Блазис вместе со своей женой преподавал до пятидесятых годов девятнадцатого века. В 1856 году дирекция Варшавского Большого театра пригласила Блазиса занять место хореографа, там же на торжествах, посвященных коронованию Александра II, он поставил танцы, а затем несколько спектаклей.
После Варшавы Блазис отправился в Лиссабон, где проработал до 1858 года, успев поставить несколько балетов и организовать балетную школу. Но и здесь он не задержался. Блазис вернулся в Италию и оттуда в 1860 г. поехал в Париж. Странно было, что человек, повидавший так много спектаклей и замечающий все новое, что появлялось в балете, как балетмейстер остановился на достижениях тридцатилетней давности.
Искушенная в балетном искусстве театральная общественность Европы закрыла свои двери для Блазиса-балетмейстера, оставив за ним признание в несомненном педагогическом таланте. О Блазисе-преподавателе было хорошо известно и в России, где уже не один раз гастролировали его ученицы.
В 1861 году Карло Блазис, которому шел уже седьмой десяток, принял место балетмейстера и преподавателя танцев в московском училище. Его педагогическая работа стала основой обучения нескольких поколений артистов балета. Его балетмейстерская деятельность в основном ограничилась постановками отдельных номеров для учениц и танцовщиц, но были и исключения. Одним из них стал балет "Фауст" – любимое детище балетмейстера, показанный московским зрителям в 1861 году.
Это был невезучий спектакль. Автор задумал балет еще в 1835 году и долгие годы искал возможность заняться его воплощением на сцене. Первый проект спектакля Блазис представил в театре "Ла Скала" под названием "Мефистофель, или Гений ада", однако за недостатком времени постановку пришлось отложить. Затем в 1838 году балетмейстер хотел показать его на сцене в неаполитанском театре "Сан-Карло", но эпидемия холеры не позволила Блазису приехать в Неаполь, и Тальони поставил балет на этот же сюжет вместо него. Затем Блазис опубликовал в журнале "Ла Фама" сценарий "Мефистофеля, или Гения ада", но спустя несколько лет "Фауста" поставил Ж. Перро. Поэтому Блазис ревностно относился к этому балету, критикуя постановки других балетмейстеров, а иногда обвиняя их в плагиате.

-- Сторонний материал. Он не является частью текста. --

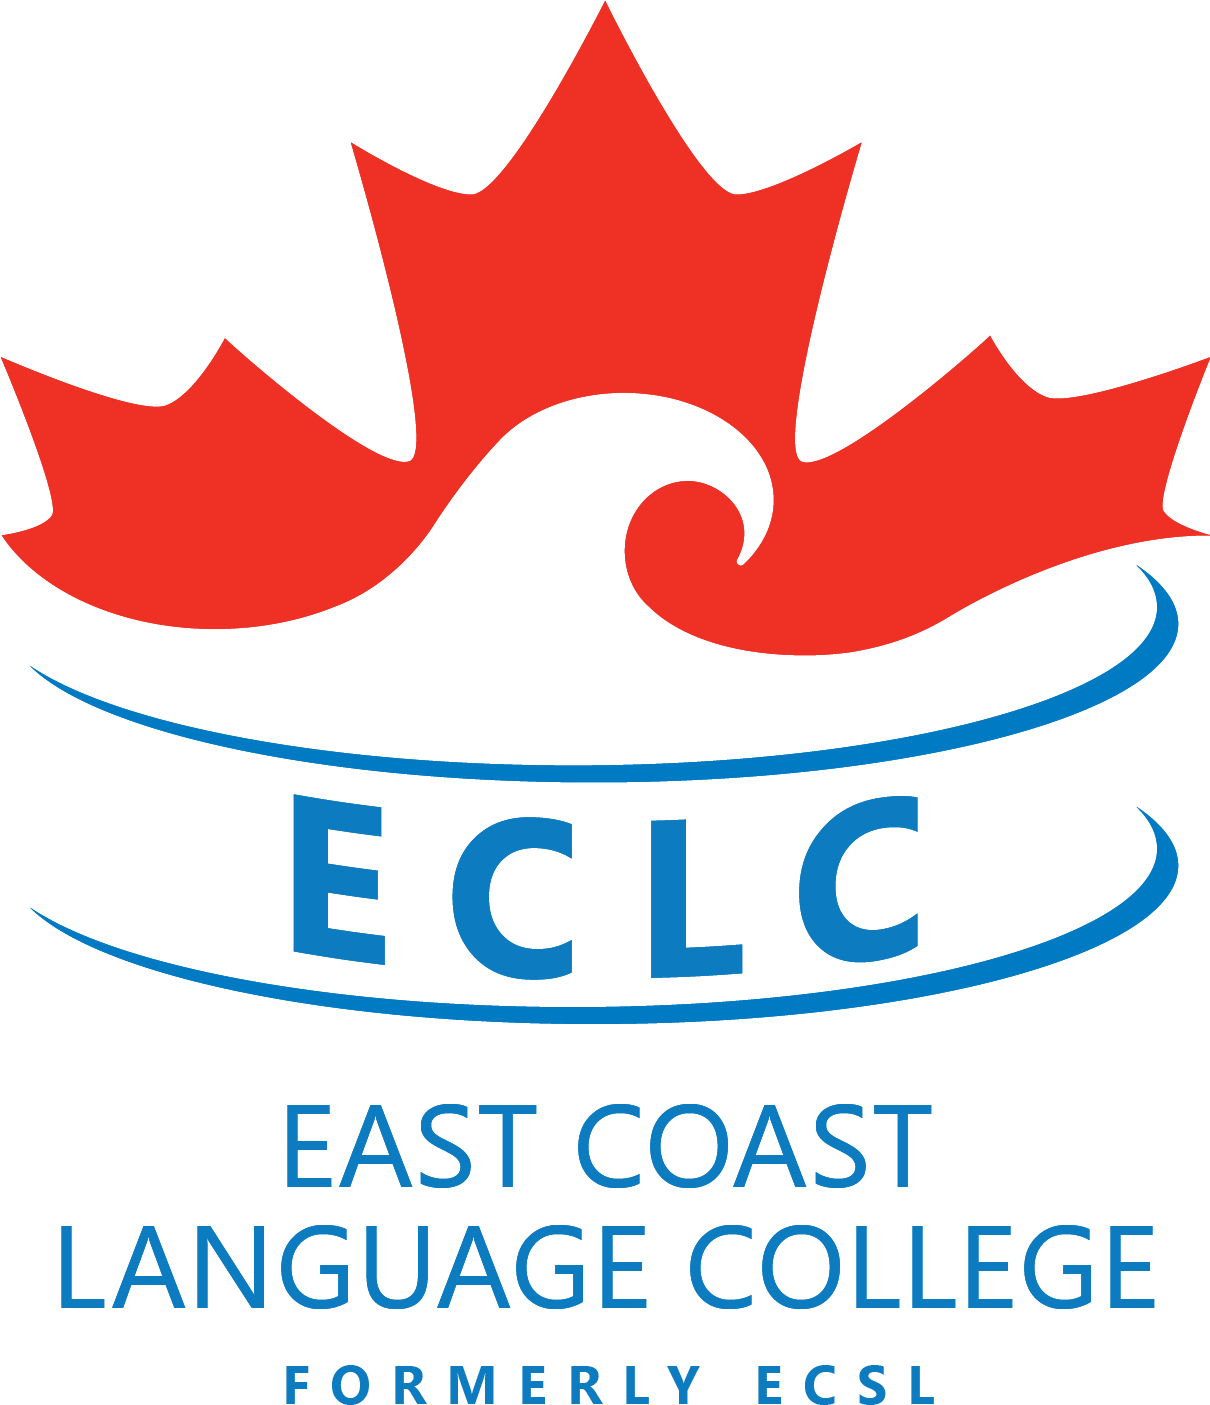 Description - East Coast Language College (1209x1420)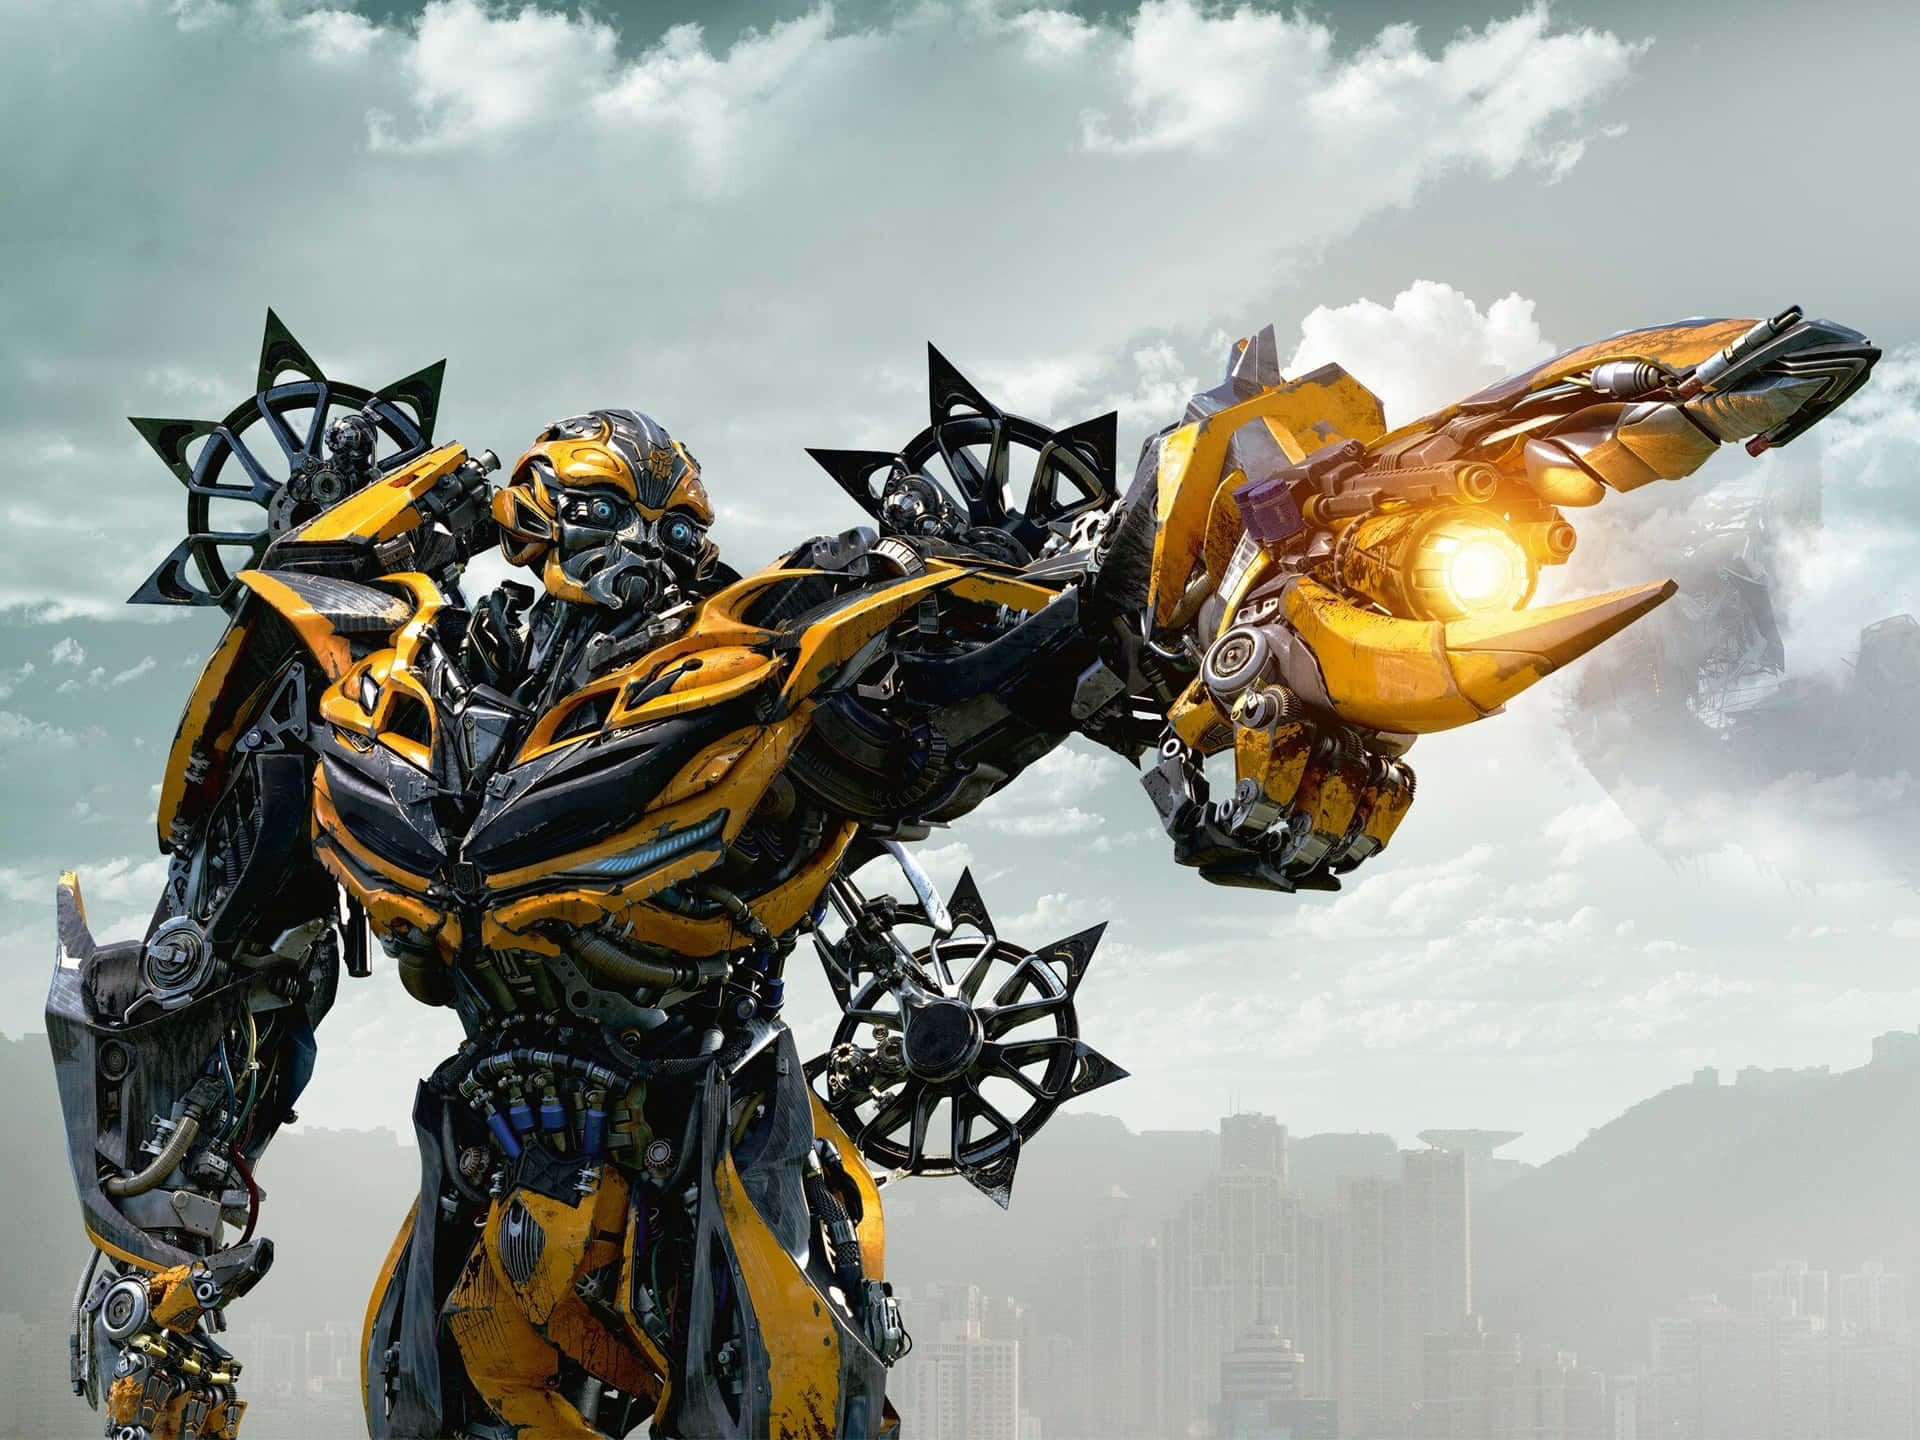 'kraftfuldeallierede: Optimus Prime Og Bumblebee Slår Sig Sammen For At Beskytte Jorden I Transformers.'

Уроки у К. Блазиса брали уже достаточно известные балетные исполнители. Возможно, это навело его на идею новой книги – "Танцы вообще, балетные знаменитости и национальные танцы". Он написал о многих звездах московского Большого театра, упомянул он также и о воспитанницах, начинающих и именитых танцовщицах мировой величины. В лаконичной форме он сумел охарактеризовать более сорока современных ему артистов. Одна из глав книги была посвящена его жене Аннунциате Рамаччини де Блазис.
Рукопись этого сочинения балетмейстер преподнес Александру II, пожаловавшему Блазису бриллиантовый перстень. Однако когда возник вопрос о продлении контракта, столь высокое внимание не помогло итальянскому балетмейстеру. Оклад Блазиса был значительно уменьшен. Петербургская дирекция не желала тратить на московскую труппу больших денег. Блазис покинул Россию, но продолжал свою педагогическую деятельность вплоть до 70-х годов девятнадцатого века. В последние годы жизни, как это часто бывает со многими выдающимися деятелями, он оказался не у дел. Вернувшись в Италию, Блазис поселился в городке Черноббио.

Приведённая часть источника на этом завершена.